Hopefully it's not too late to fix it in this paper? Yes, a scatter plot of one or more of the most differentiating lipids would be so much better.
That makes sense.
It looks as though there are 87 features that could have potentially contributed to a Steroid hormone biosynthesis and yet there is only one hit, only one feature that is suggestive of pathway dysregulation - and the pathway isn't significant after correction for multiple comparisons. It has an impact of zero.
I really don't want to be harsh and I agree a scatter plot would look similar. But the purposes of the two analyses are completely different and the axes labels make all the difference.
I'm not sure I agree, the context of PCA usage is really different here and in the Tate paper. For an epigenetic screen, the purpose of showing a PCA as the first step of your analysis is to determine whether your variable of interest represents a strong axis of variation in your data (i.e. one that emerges from an unbiased dimension reduction). So it is more misleading in that paper because what's being shown is at odds with the expected purpose of that figure.
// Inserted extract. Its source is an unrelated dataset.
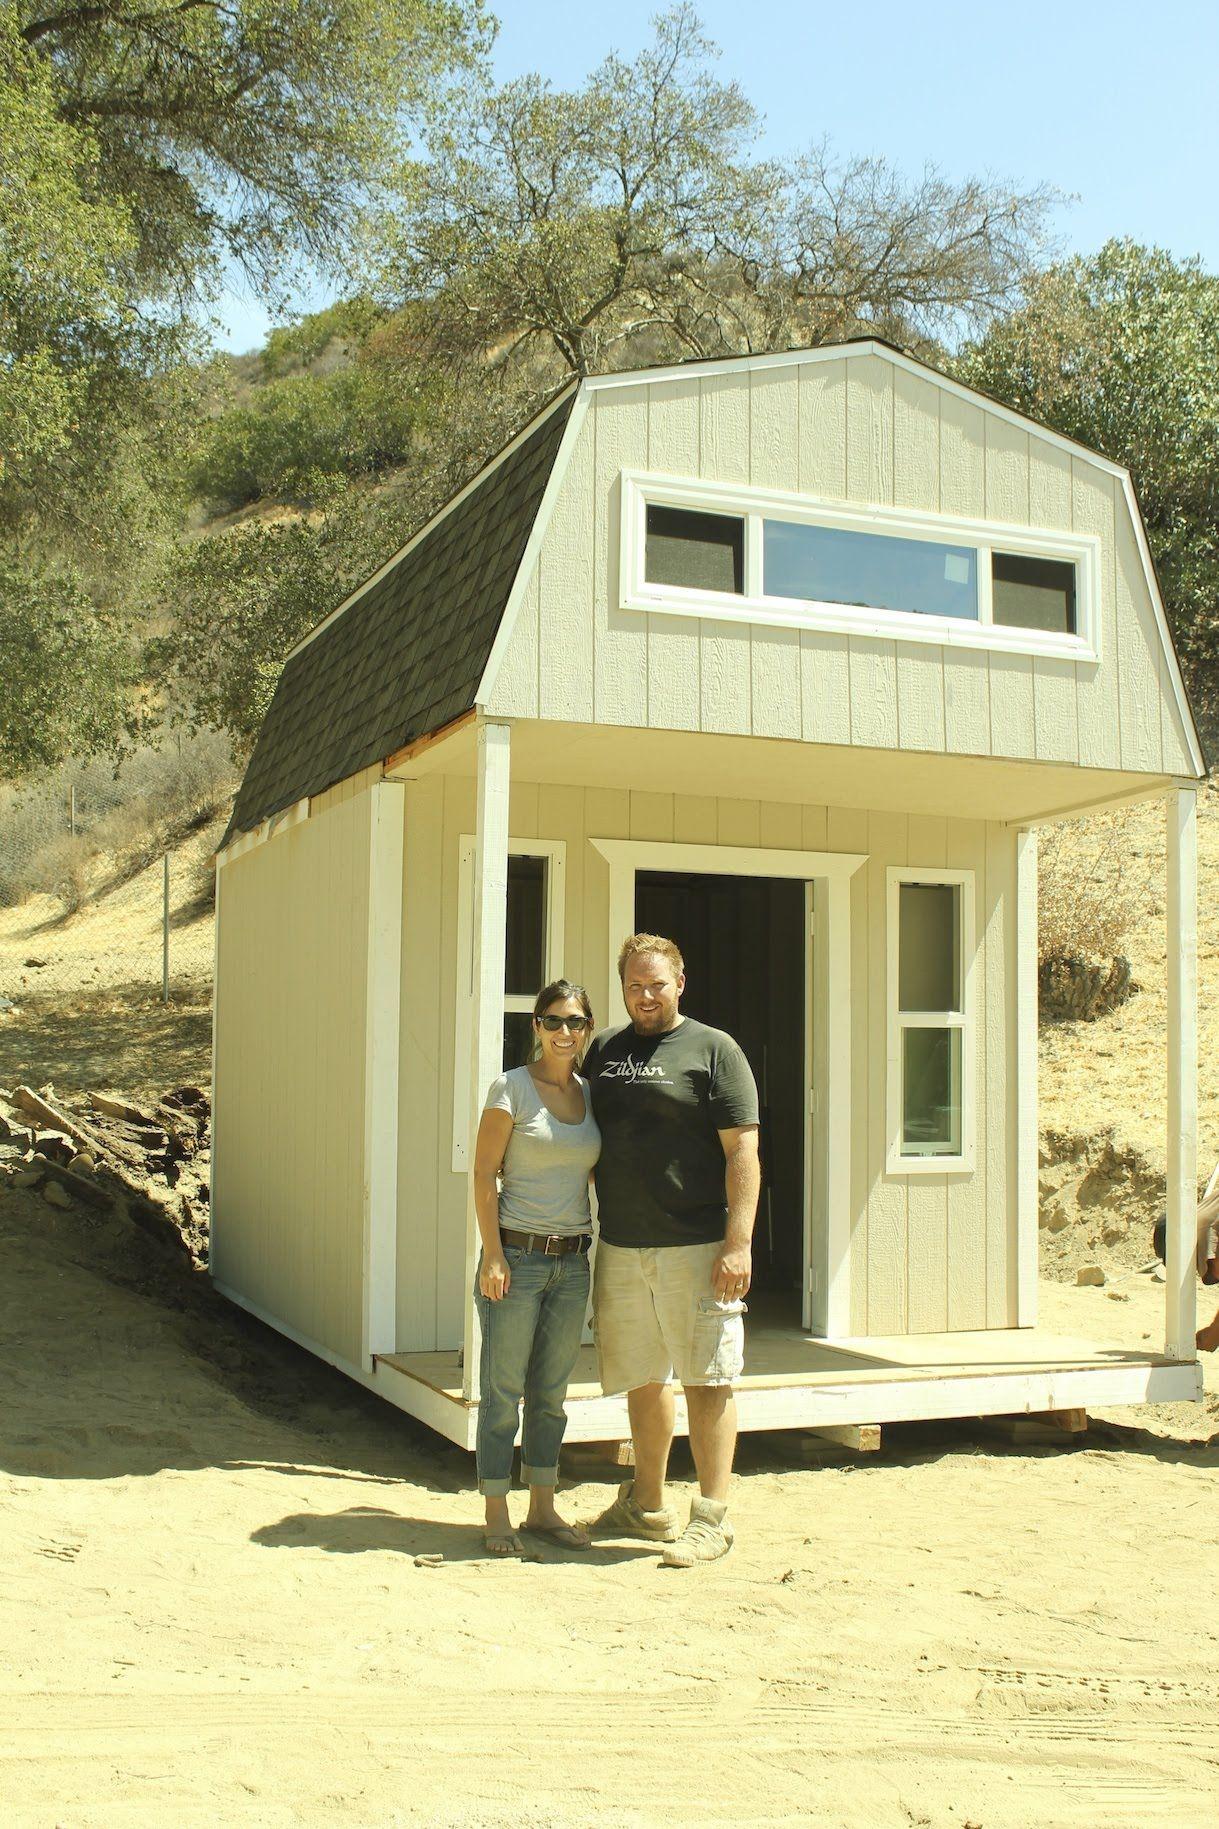 Tiny home for family of 5 - Family Of 5 850 Sq Ft Tiny House Sliding Bathroom Door

I've done quite a few -omics analyses and I actually don't expect that the top two differential features would cleanly separate your groups of interest. Often what you find is that participants who are on the extreme end for feature #1 end up with middling values in features 2, 3 etc. So after you do univariate associations, it's common for analyses to do something like lasso regression to find the minimum number of features necessary to separate out your groups of interest (which I would expect to be somewhere in the range of 10-100 features from prior experience). Then you would take those top features, run a PCA, and do clustering on the PC values to confirm visually that your subset of top features separate your groups (PCA not only provides dimension reduction but also ends up reducing the effect of different ranges between features to allow for more representative clustering). When you have a small number of features you might just do those steps manually and see how many features it takes to get separation.
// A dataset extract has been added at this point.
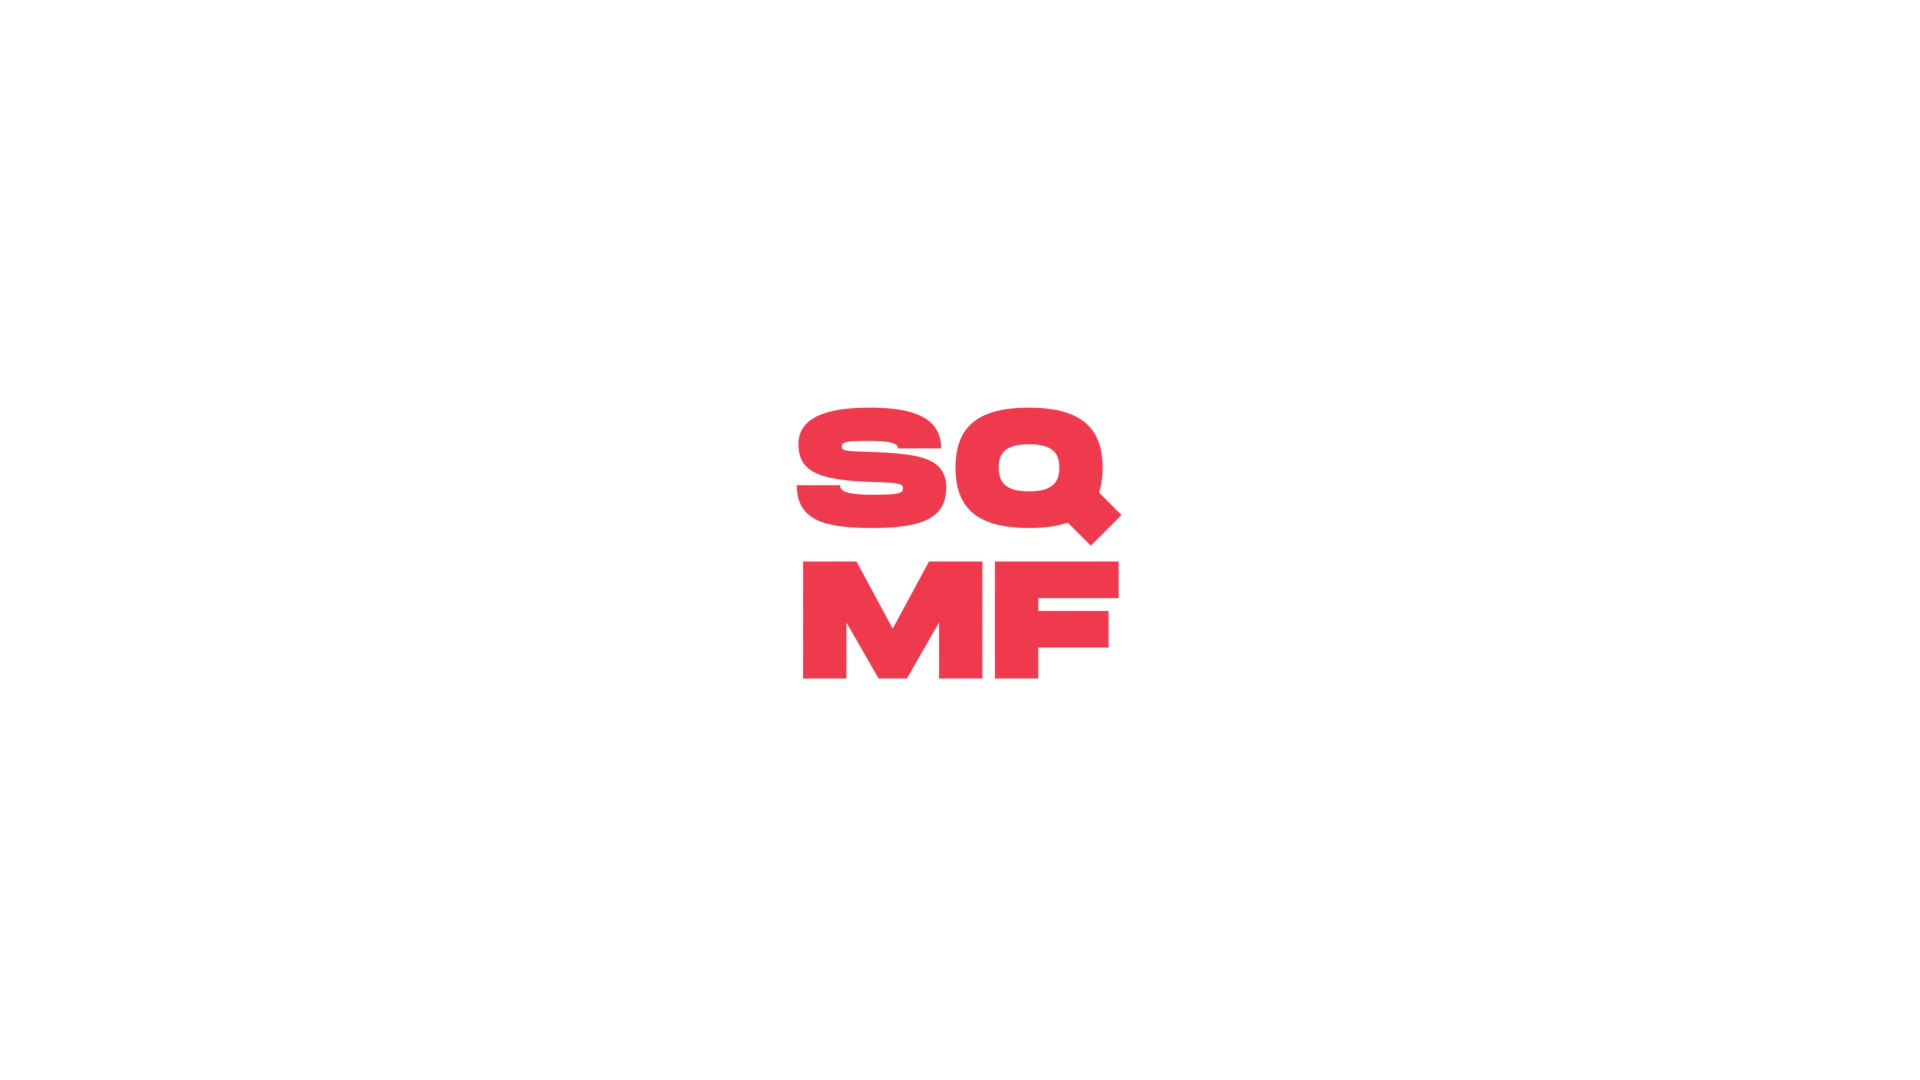 sqmf banner 3.mov

Yes, most plots like this will include that because you need a way to show where -log10(0.05) is. I agree that perhaps to someone briefly skimming the figures from the paper, this might have the unintentional effect of making it seem like those particular findings are stronger than they are. But like I mentioned above, the clear indication in the text, legend, and even superimposed onto the figure itself that each finding was driven by one metabolite only was more than enough to make me realize that this is essentially a presentation of null results.
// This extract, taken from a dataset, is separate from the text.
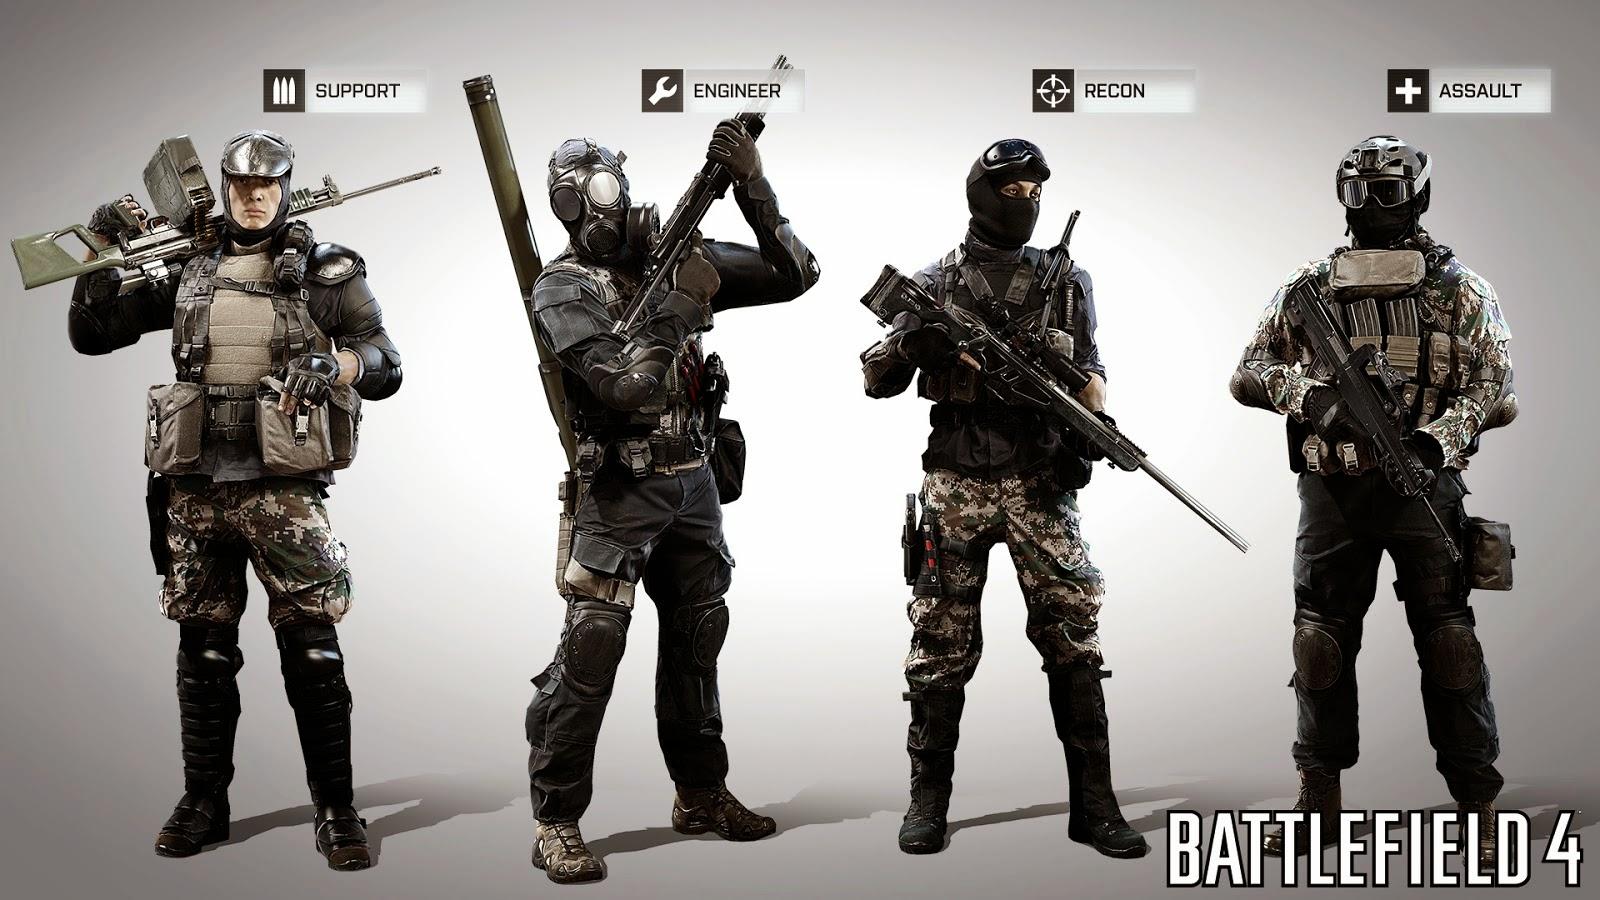 Serubi: download battlefield 4 pc game full version direct link.

Actually, I'm not really sure why the DG(36:2) feature was chosen for the PCA. The text says that it is the most elevated lipid. Looking at Table S5, DG(36:2) has a Q value (adjusted p) of 0.4 (not significant) and even its unadjusted p value is only 0.03. Fold change, which is a measure of difference relative to the control cell levels was 1.28. There are plenty of other lipids in that table with much bigger fold changes (e.g. 1.6). Perhaps there was a bigger difference in absolute levels? but that isn't quantified in the table. I think fold change is much better metric of relevance than a change in absolute levels; fold change is a scaled (comparable) measure.
I don't know if it's common practice or not - I'm pretty sure I've seen volcano plots where the significance line showed the cutoff of adjusted values (though I also found several that use .05 for the cutoff line just now, like you said).